Based on this and related work, circulating concentrations of microbiota-dependent metabolites in host urine or blood have been proposed as relatively efficient measures of microbial function, particularly at this stage of the science where metabolic pathways through the gut microbiota remain to be defined. Personalized metabolite profiles have been identified under controlled dietary delivery of precursors, and this measure of microbial function is maintained upon transfer of host microbiota into germ-free mice (termed, humanized germ-free model)[61]. That is, the production of metabolites varied among humanized mice in a way that reflected the human host, even when mice were maintained on the same diet[61]. Humanized germ-free animals provide an experimental model for illustrating the role of human gut microbiota in metabolic of dietary components, and have been used to demonstrate rapid shifts in the expression of microbial genes in response to a dietary change[62].

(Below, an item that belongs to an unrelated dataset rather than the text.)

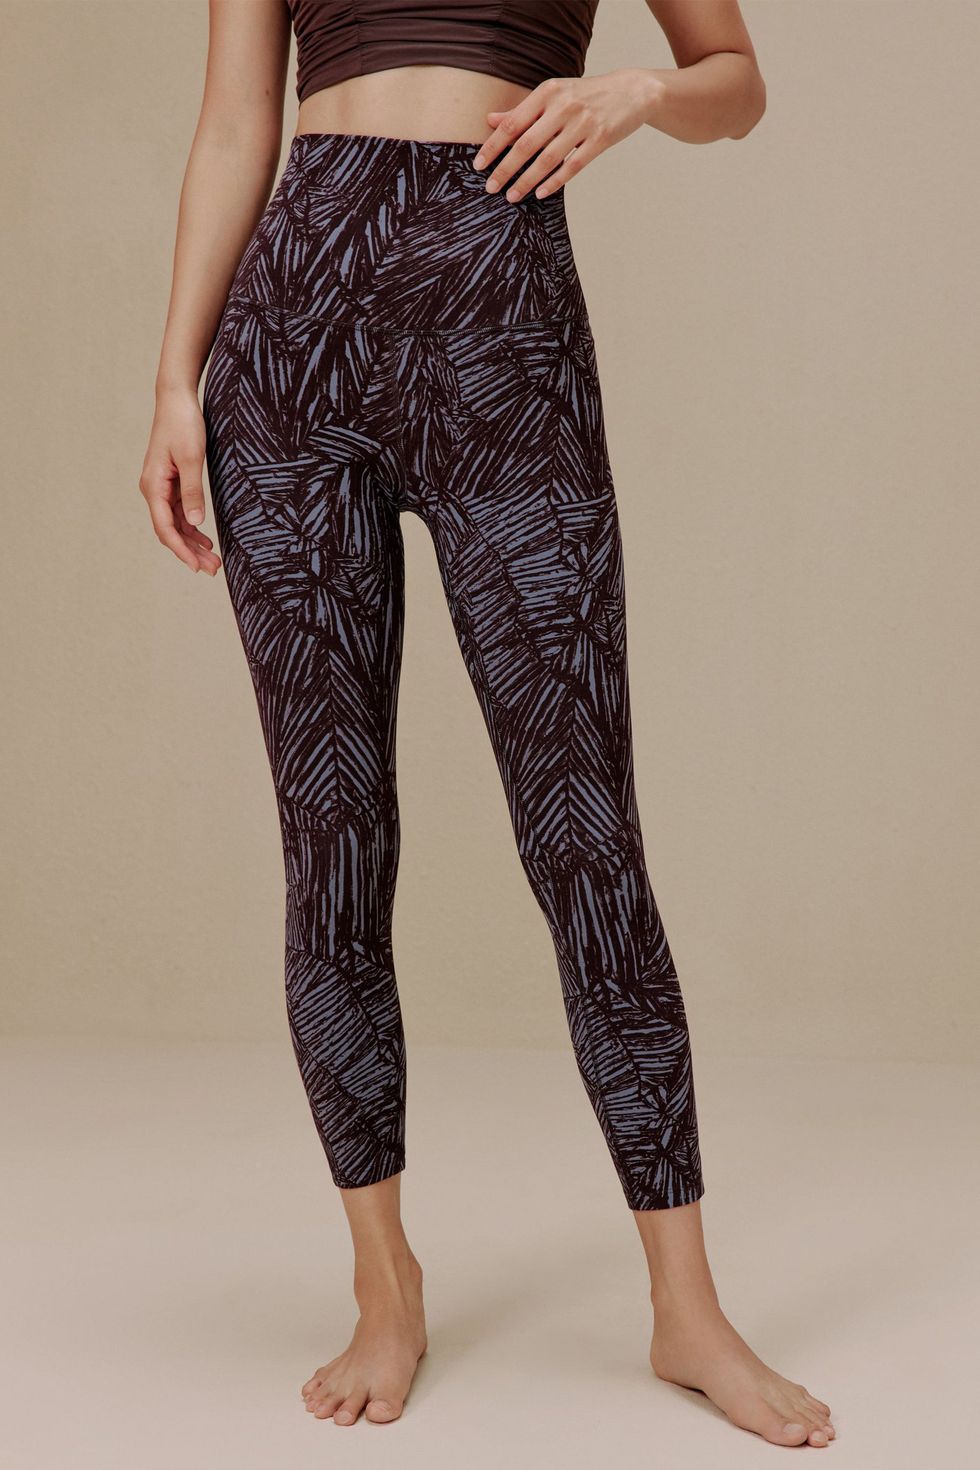 High Waisted Legging With Pockets Made of Heavy Organic Cotton With  Spandex, Wide Waistband is Doubled

Integrated approaches to functional understanding of the interplay of diet and gut microbiota in cardiometabolic health
We present two examples that we consider illustrative of integrative approaches to the study of diet, gut microbiota function, and cardiometabolic health. These examples highlight what will likely be the translational and transdisciplinary nature of future work to define targeted interventions related to the gut microbiota.
Example 1: Trimethylamine N-oxide (TMAO)
The potential for nutrient metabolite trimethylamine N-oxide (TMAO) to increase CVD risk was identified in a metabolomics screen and confirmed in an independent sample[30]. Subsequent work has supported associations between TMAO and cardiovascular disease[29], chronic kidney disease[63, 64], and type 2 diabetes[65–67], though significant findings have not been consistently observed[68, 69]. Proposed mechanisms for TMAO in cardiometabolic risk include platelet activation[70], cholesterol efflux[12], uremic toxicity[63], and glucose metabolism[67].
The production of TMA from nutrient precursors, choline[29] and L-carnitine[12], is dependent on gut microbiota, with conversion of TMA to TMAO in the liver through flavin monooxygenase 3 (FMO3)[71]. Variability in circulating TMAO will thus reflect: 1) consumption of dietary precursors, 2) gut microbiota metabolic capability for production of TMA, and 3) FMO3 genotype for conversion of TMA to TMAO. A GWAS of mouse and human studies revealed that variability in TMAO production is likely more reflective of differences in diet and gut microbiota, rather than genetic variation in FMO3[72]. Several distinct gut microbial pathways for TMAO production have been identified[73–75] or proposed[76].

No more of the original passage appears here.